I could never look at a vertical face of a building, fence or tree the same again. I would look for toeholds and hand holds, where I could traverse, etc. Since that experience, I probably only went to a climbing gym a handful of times.
How Andrew got started climbing…
Andrew on the other hand had done quite a bit of mountaineering in the Pacific Northwest, hiked the Wonderland Trail around Mount Rainier, and could build an ice cave if needed for survival. Basically he’s my very own personal Bear Grylls. So when we said goodbye to tennis and hello to rock climbing, we wanted to see how, as a couple, we could learn and grow from being able to do it together.
The original idea was to go to a gym and work on building finger strength, overall body strength and techniques so that we would eventually do more of it outdoors.
While we did finally go out a few times to Ortega Falls for sport and trad routes and once to Joshua Tree for Andrew’s birthday, the reality was, we got used to the convenience of going to a gym. Going to the gym meant we can go about doing whatever else we needed to do on the weekend.
With my early retirement coming up, I sense we will now be able to climb more outdoors and perhaps exclusively outdoors as we set sail around the world.
The other activity we did was to head down to San Diego to check out a 1998 Hallberg-Rassy 36 called Spindrift listed for $159,900.
She is a masthead sloop, with a fin hull and rudder on skeg. When we stepped on board, Andrew went forward to the bow to begin his visual inspection while I spoke to the listing broker. She had sailed around the Pacific Northwest and then was shipped to Florida where she then sailed around the Caribbean.
Unlike the previous broker, this one had actually taken her out so we were able to ask more questions, like:
- How does she sail?
- How does the engine sound?
- When underway, did you hear any noises that caused concern such as creaks?
Unlike Kittiwake and Any Isle, when standing at the helm and looking forward, I felt confident that I could maneuver her.
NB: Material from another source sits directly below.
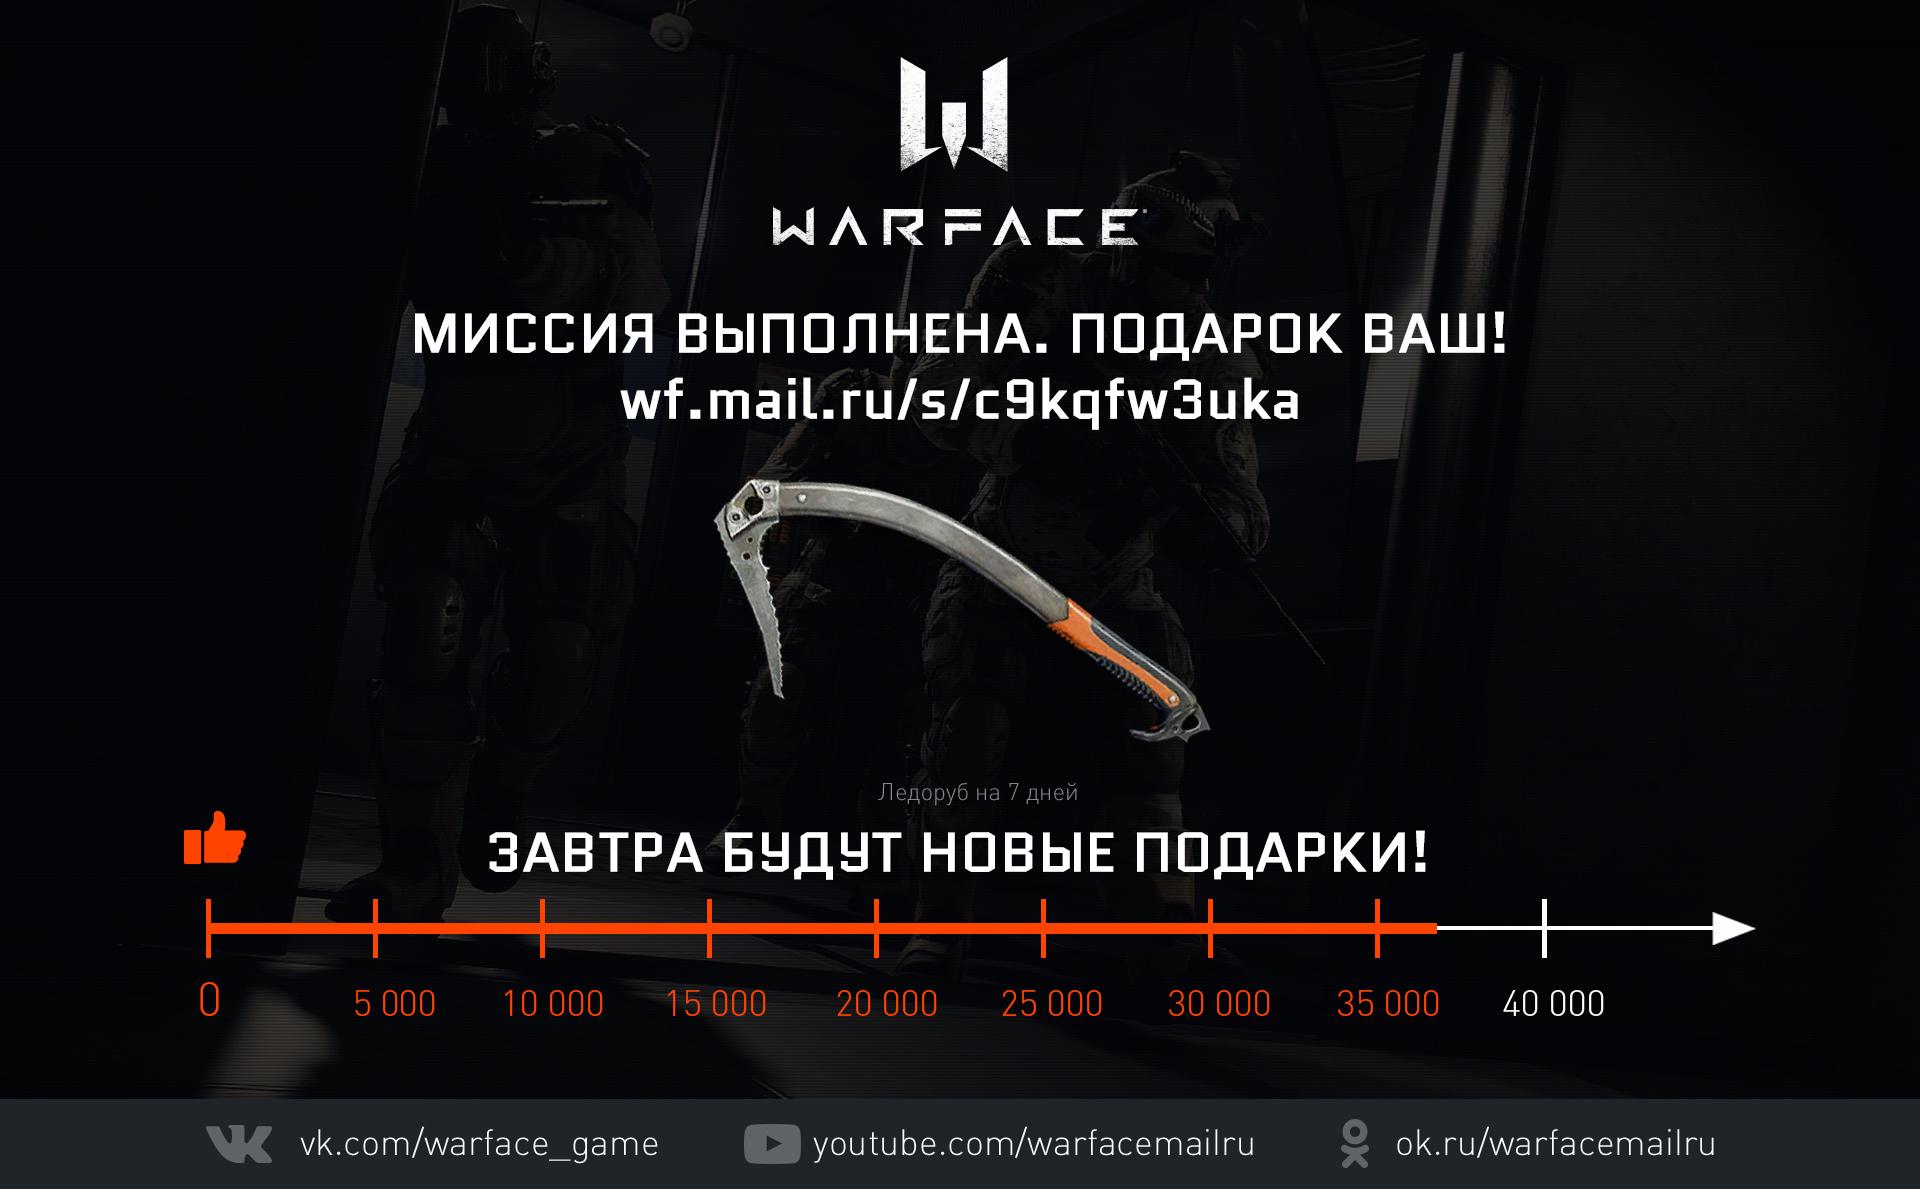 Как получить оружие на 30 дней в Варфейс? Забрать подарки Warface

I liked the placement of the engine controls. I liked the fact that she had a fixed windscreen. There was great stowage in the lazarette, and the cockpit was comfortable.
The interior was in great condition, especially the wood finishes. The aft cabin was laid out with a double+single; the galley starboard had decent stowage. When we lifted the settee, we saw all the spares stored. She came with 3 different sized sails, and she had a wet head. From a passage making perspective, she had a water-maker installed (24/gal per hour) and an autopilot. All other elements to make her off-grid would still be needed as well as sails and running rigging based on what we could see.
As we were driving back home, Andrew and I compared notes about Spindrift. Our sense was she didn’t feel like we could make her a home. She felt more like a RV camper to get you from one place to another, but as soon as you pick up a mooring, you are desperate to go ashore rather than settle in and rest after a long passage.
A funny, happy anniversary
Verdict? All in all, I guess we felt the 36’ was on the small side for us.
After seeing all the spares stowed under the settee, we weren’t sure where the provisions would go. If we could only store a can of beans, we may have to ration out 1 bean per day as well as rely on fishing for survival and not for sport.
Then I asked where we would store all the cat food and kibble, and Andrew scoffed. Of course, Oreo and Xiao Long (our tuxedo cats) were wont for organic, grain-free food twice a day, while we were rationing beans.
Andrew decidedly would eat cat food as well. Happy anniversary!